Coty reported a challenging QQ3 2025 quarter with a modest top-line decline and pronounced profitability and cash-flow headwinds. Revenue totaled $1.299 billion, down 6.24% year over year and 22.20% quarter over quarter, while gross margin remained solid at approximately 64.1%. However, operating performance deteriorated meaningfully as the combination of elevated selling, general and administrative expenses (SG&A) and other expenses drove operating income to -$280.4 million and net income to -$405.7 million (EPS -$0.47) for the quarter. The negative profitability translated into negative free cash flow (-$165.4 million) and a cash burn from operations (-$122.5 million) despite a modest cash balance of $259.4 million at period end.
Balance-sheet health shows substantial goodwill and intangible assets (Goodwill $3.907B; Intangibles $3.099B; total intangible-related intangibles around $7.0B) supporting a diversified brand portfolio but contributing to elevated leverage. Total debt stood at $4.089B and net debt at $3.845B, with a debt-to-capital ratio of 0.529 and debt-to-equity of 1.124. The company operates with a tight liquidity cushion (current ratio 0.818; cash ratio 0.103) and a negative cash conversion cycle (-68.8 days) driven by payables outpacing receivables. While the gross margin remains a strength, the combination of high operating expenses, non-operating charges, and working-capital dynamics pressured earnings and cash flow.

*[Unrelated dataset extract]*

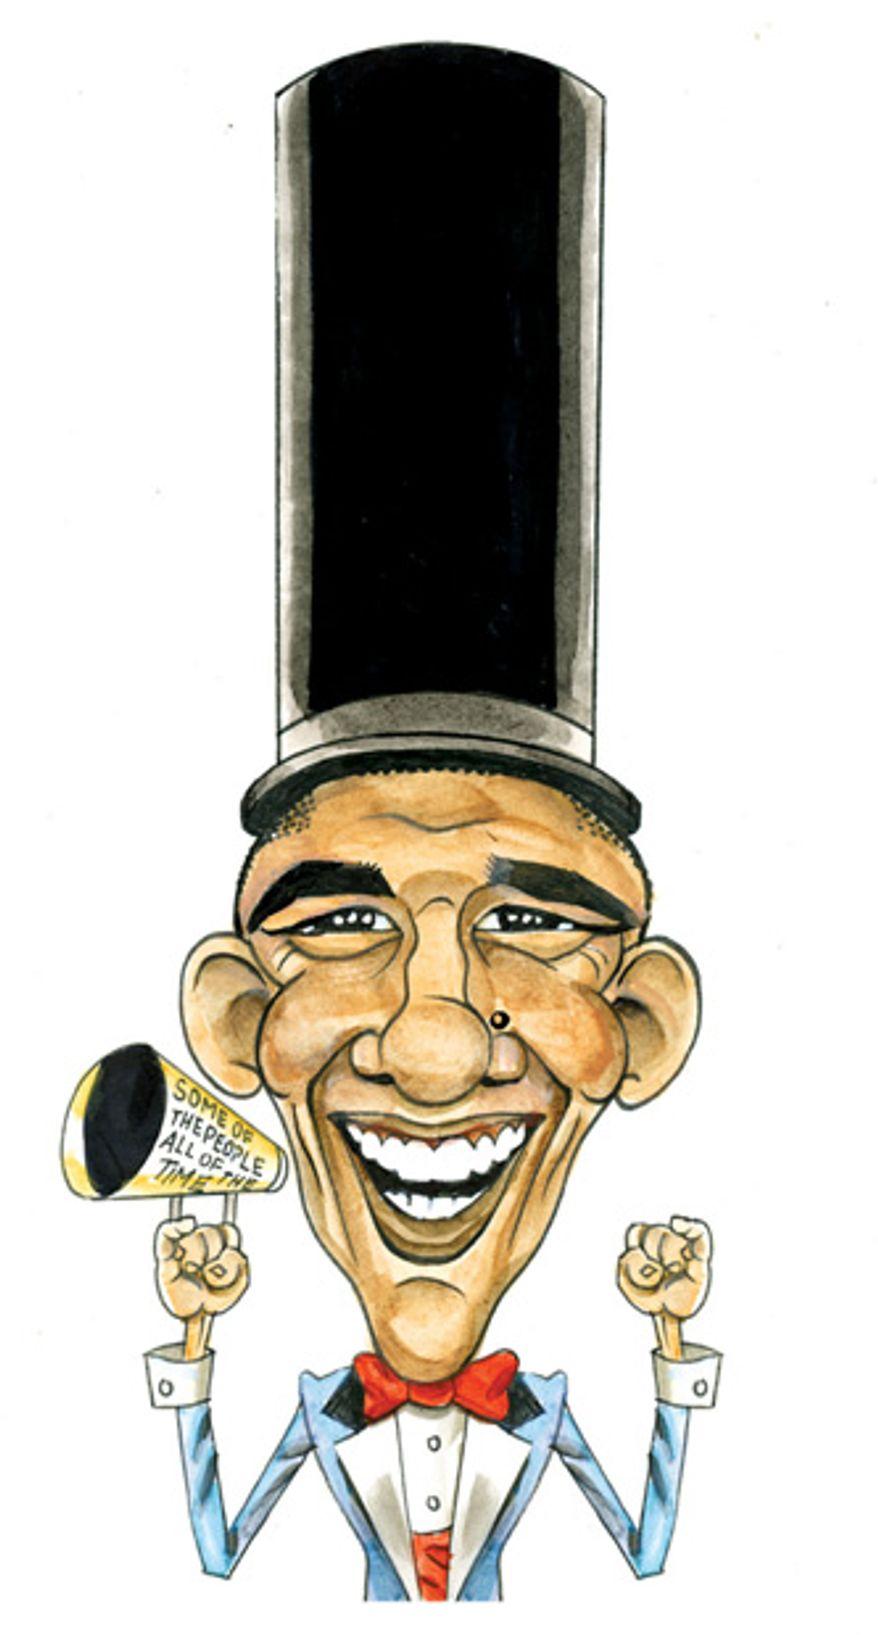 Illustration: Obamaham Lincoln by Alexander Hunter for The Washington Times
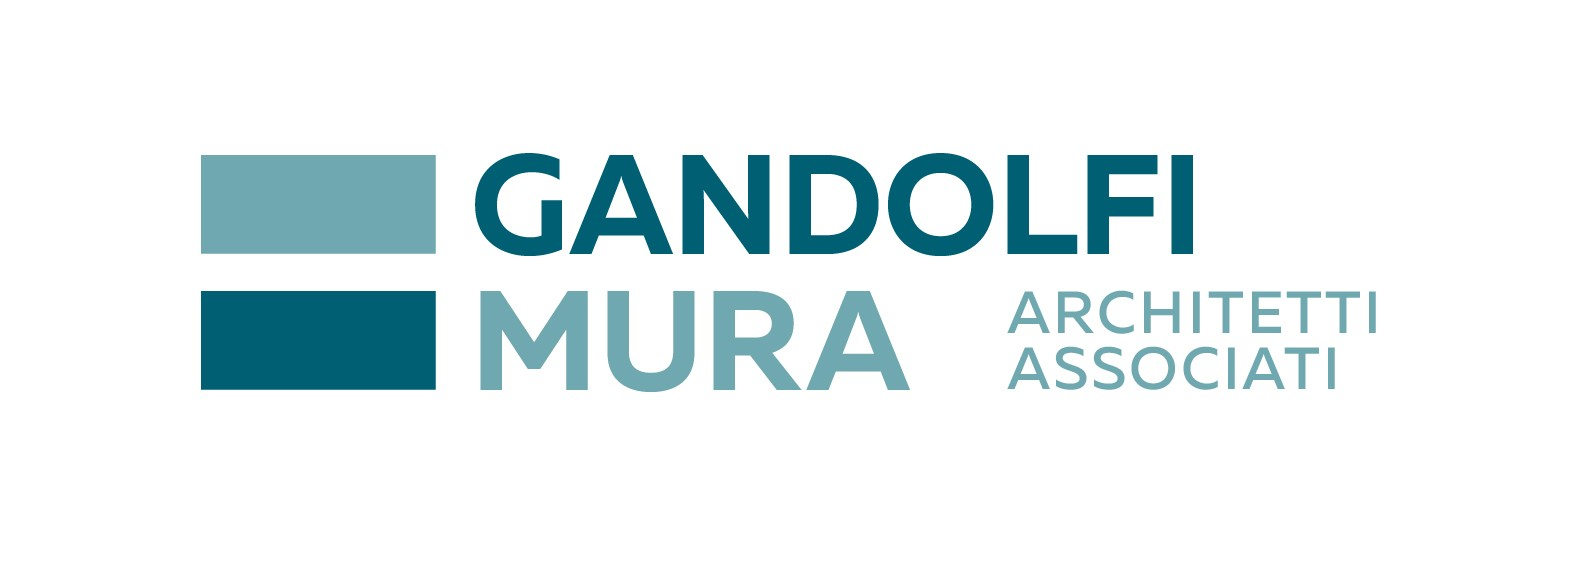 Offerte Lavoro Architetto Bergamo gandolfi e mura architetti associati   linkedin

Looking ahead, management commentary (not provided in the transcript sample) suggests ongoing focus on cost discipline, optimization of the brand portfolio, and acceleration of direct-to-consumer initiatives. The near-term outlook remains sensitive to consumer spending, promotional activity, and mix shifts toward higher-margin prestige segments. Investors should monitor any updates on cost synergies, working capital management, and capital allocation as indicators of margin stabilization and cash-flow recovery potential.